Global oil and gas contracts reported a quarter-on-quarter increase in total disclosed value, with $40.94bn in the second quarter (Q2) of 2025 as compared to $33.89bn in Q1 2025. The number of contracts reported a marginal decrease from 1,558 in Q1 2025 to 1,529 in Q2 2025. The high-value contracts by Wood Group, QS Energy, ADNOC Drilling, and China Petroleum Engineering provided a boost to overall contracts activity, though a marginal decrease in the numbers.
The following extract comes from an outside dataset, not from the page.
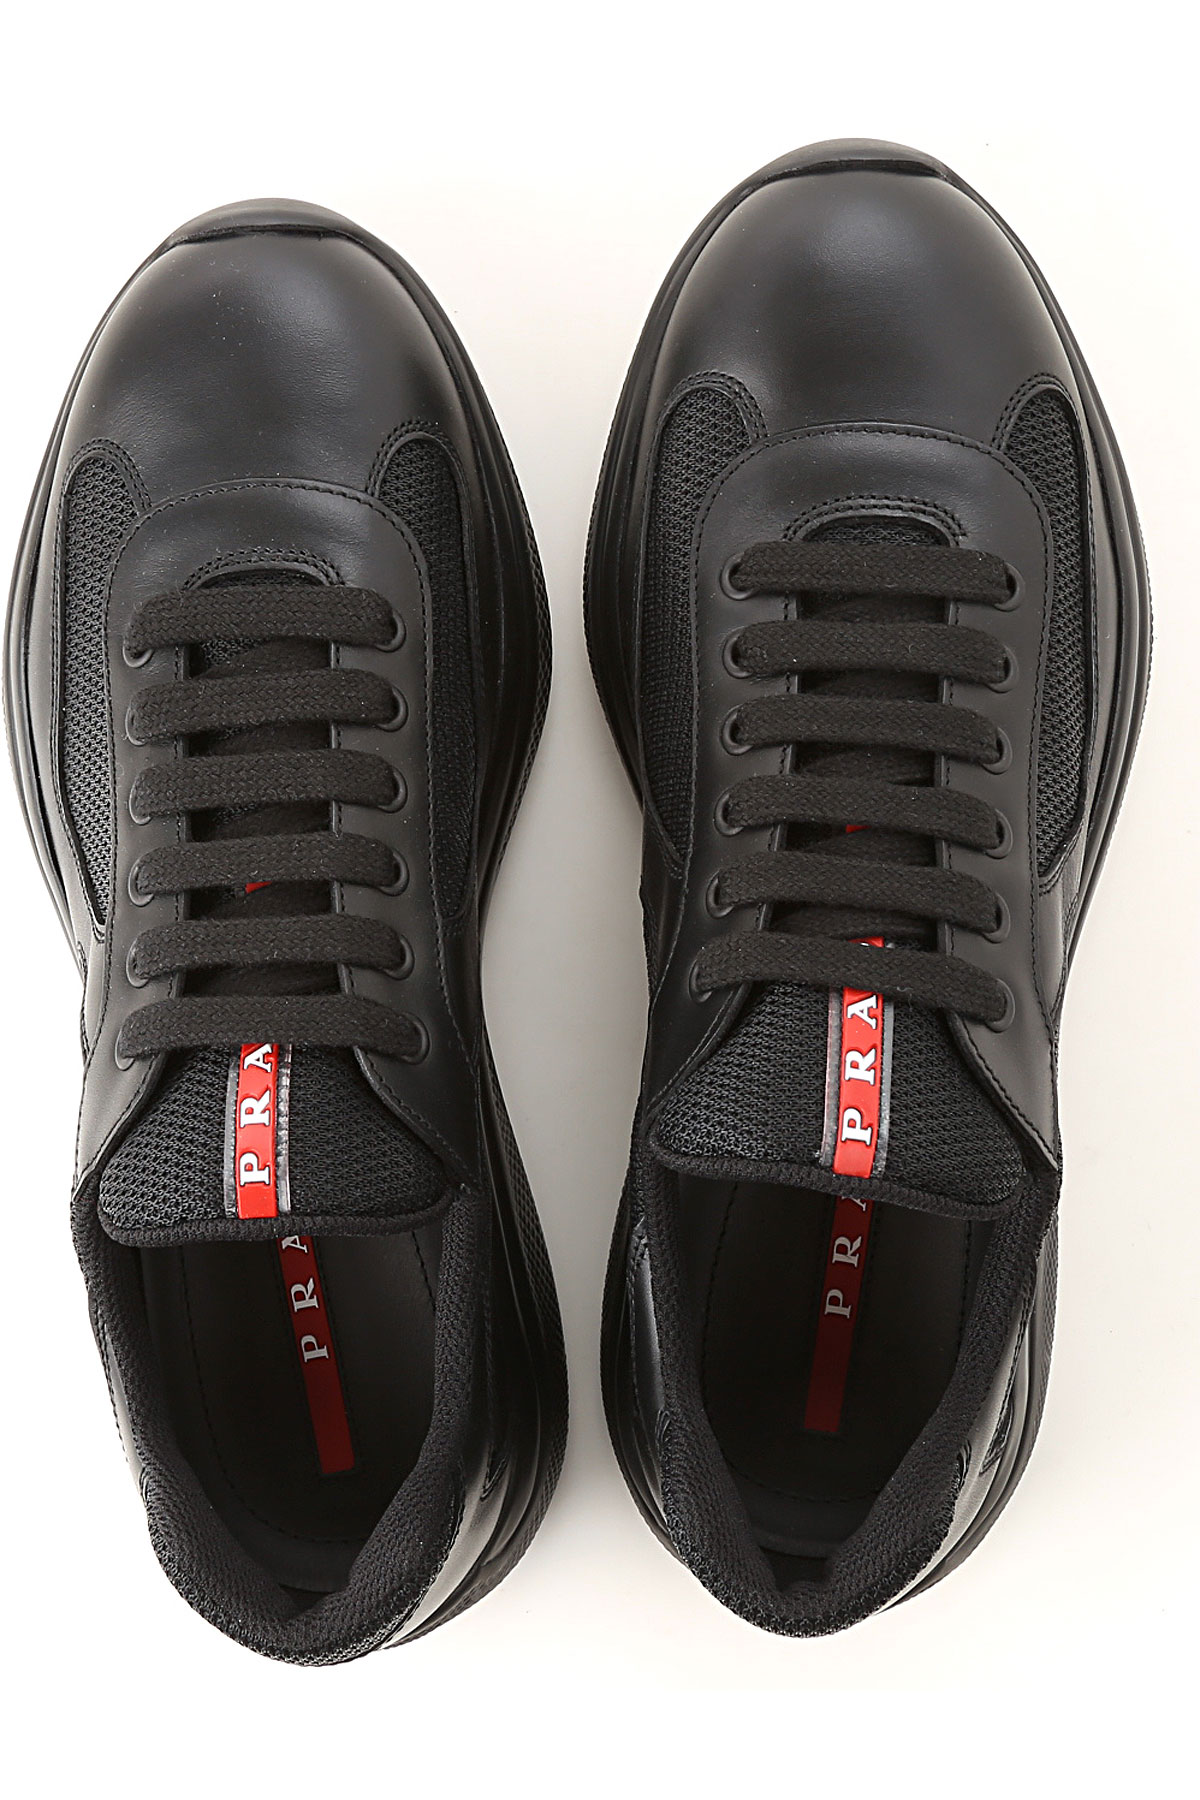 Mens Shoes Prada, Style code: 4e3400-6gw-f0002

These notable contracts awarded during Q2 2025, primarily midstream segment high-value contracts, including John Wood Group’s $2.8bn contract from Gas to provide engineering, procurement, and construction management services for substantial upgrades and debottlenecking solutions to the existing Habshan and Habshan 5 gas processing mega-complexes and pipelines in the United Arab Emirates. QS Energy’s $2bn framework agreement with VIPS Petroleum for the provision of up to 400 units of Applied Oil Technology viscosity reduction systems to modernise crude oil transport pipeline infrastructure across Southeast Asia and Africa, and China Petroleum Engineering’s $1.6bn contract from TotalEnergies for the engineering, procurement, supply, construction, and commissioning of a natural gas processing facility with capacity of 320 million standard cubic feet of gas a day serving the Ratawi oil field in Al-Basrah, Iraq.
Operation and maintenance (O&M) represented 48% of the total contracts in Q2 2025, followed by procurement scope with 30%, and contracts with multiple scopes such as construction, design and engineering, installation, O&M, and procurement, which accounted for 10%.
The upstream sector reported 1,085 contracts during Q2 2025, followed by the downstream/petrochemical and midstream sectors with 274 and 194 contracts during the quarter, respectively.
Asia recorded most of the contracts, with 661 contracts in Q2 2025, followed by Europe and North America with 329 and 305 contracts, respectively, during the quarter.